President Joe Biden’s proposed infrastructure legislation has the political class seemingly locked in a debate about what “infrastructure” means. Biden and Democratic leaders—backed by a majority of the U.S. population—believe that “infrastructure” is more than just roads and bridges and encompasses all the structures that help modern society function. Their new bill reflects that understanding, including improvements to water pipes and the electrical grid, universal broadband access, charging stations for electric vehicles, physical upgrades to schools and universities, and—perhaps most innovatively—home care for the elderly and disabled, support for families with children, and expanded access to health care.
Republican elected officials, on the other hand, are fiercely opposed to a broad definition of the old term. Biden’s plan is a “Trojan horse” (Mitch McConnell) for massive tax hikes and expanded federal authority. It’s a “Socialist agenda” (Steve Scalise)—a “kitchen sink of wasteful progressive demands.” It will set the nation on a “road to hell” (Rachel Campos-Duffy of Fox News).

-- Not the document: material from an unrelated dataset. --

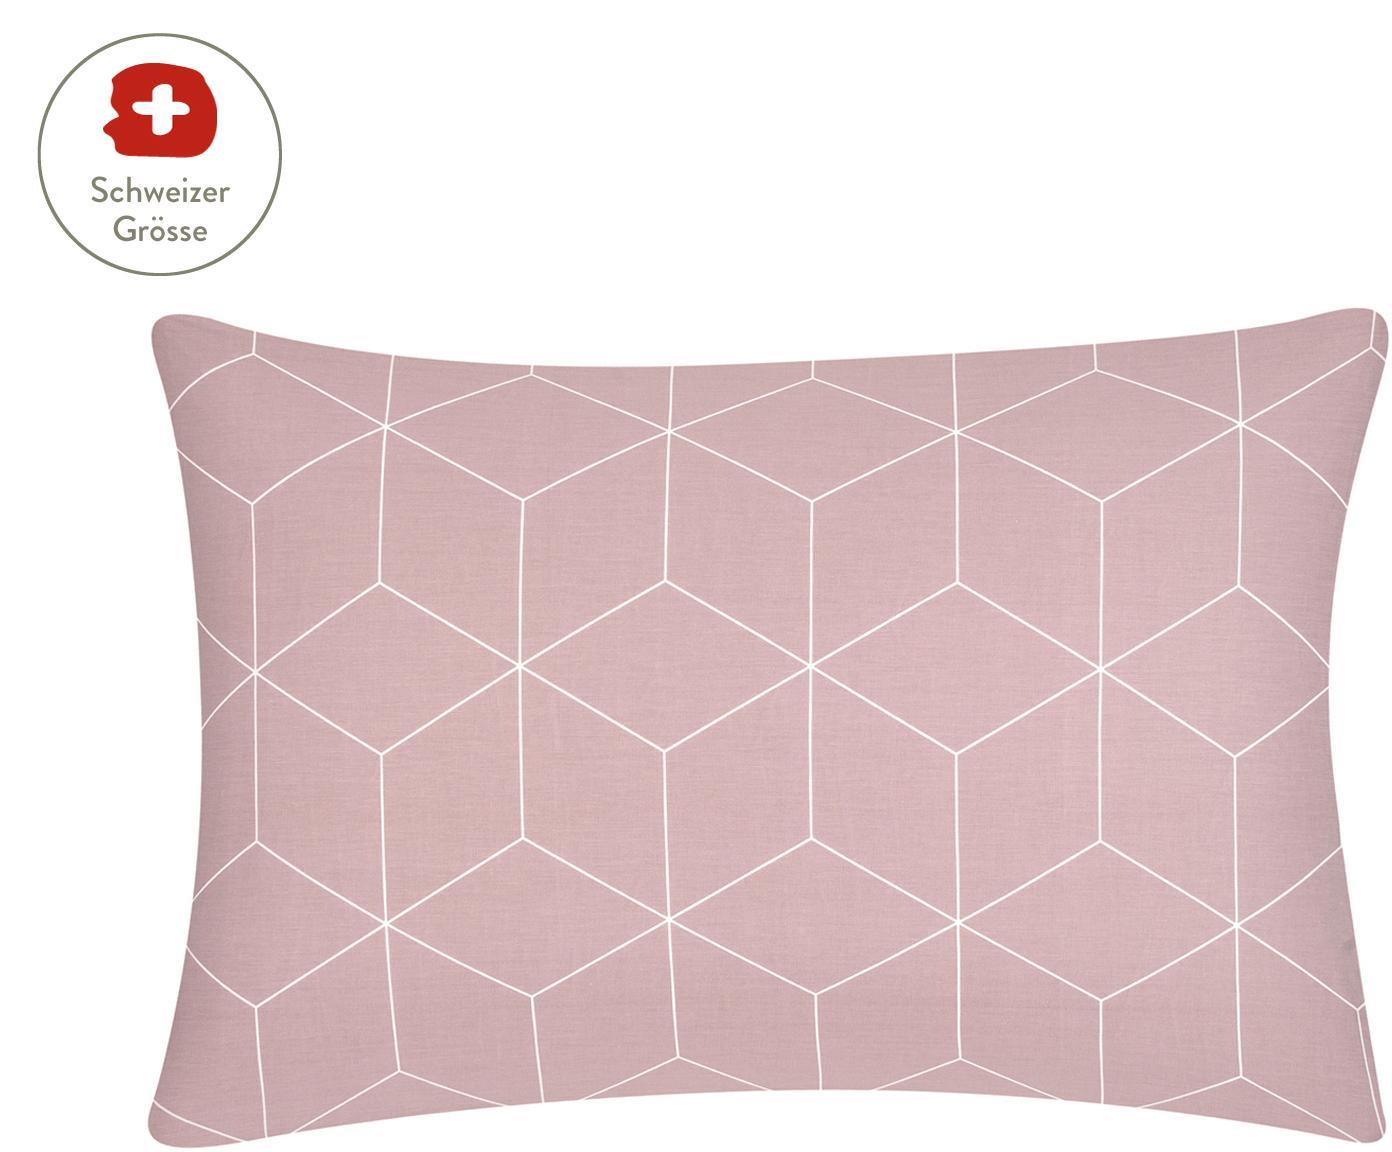 Baumwoll-Kissenbezug Lynn mit grafischem Muster, Webart: Renforcé Fadendichte 144 , Altrosa, Cremeweiss, 65 x 100 cm

If all of this sounds a bit histrionic for a simple debate about replacing water pipes, we’ve been here before. Between the 1820s and 1850s Americans hotly debated the merits of public investment in roads, bridges, canals, riverways and, eventually, railroads. At issue was more than whether to tax and spend or the limits of federal authority. These advancements in transportation effected the collapse of physical space between different regions of the country, drawing ordinary people into new market relationships with one another.
America’s transition from a nation of dispersed communities and local economies to a national market generated exciting opportunities. It also created new winners and losers and fundamentally altered the people’s relationships to their neighbors, families and government. When they argued about whether to dredge a river or build a canal, Americans of the antebellum period were really arguing about what kind of country they wanted to live in. And that’s exactly what politicians are still fighting about today.
Prior to the 1820s, America’s infrastructure was a rudimentary and scattershot affair. Roads were locally built and maintained. Riverways were mostly undredged. Canals and railroads were nonexistent. The downstream journey from Pittsburgh, an emerging western market hub, to the Southern port city of New Orleans took at least six weeks; the return trip, upstream, took 17 weeks—which is why most people transporting goods simply broke their boats up for timber upon arrival in New Orleans and walked or rode back home. When newly elected Senator Henry Clay first made the journey from his home in Lexington, Kentucky, to Washington, D.C., in 1806, it took three weeks of hard overland travel.
Many Americans, particularly those who lived inland from coastal towns—those pushing outward beyond the Alleghenies and Appalachian range, extending as far as the Old Northwest territories—were essentially cut off from a regional, let alone national, market. Like many of their neighbors in the new state of Indiana, Abraham Lincoln’s family cultivated only a small portion of its land to grow corn and vegetables and raise hogs and cattle, leaving the rest fallow and overgrown. As a neighbor later explained, “there wasn’t no market for nothing else unless you took it across two or three states.” Though Lincoln’s father, Thomas, attempted on several occasions to take pork and corn by flatboat to New Orleans, in the absence of roads and canals, and with large parts of the Ohio and Mississippi rivers largely unnavigable, the cost of transportation all but erased the profit margin.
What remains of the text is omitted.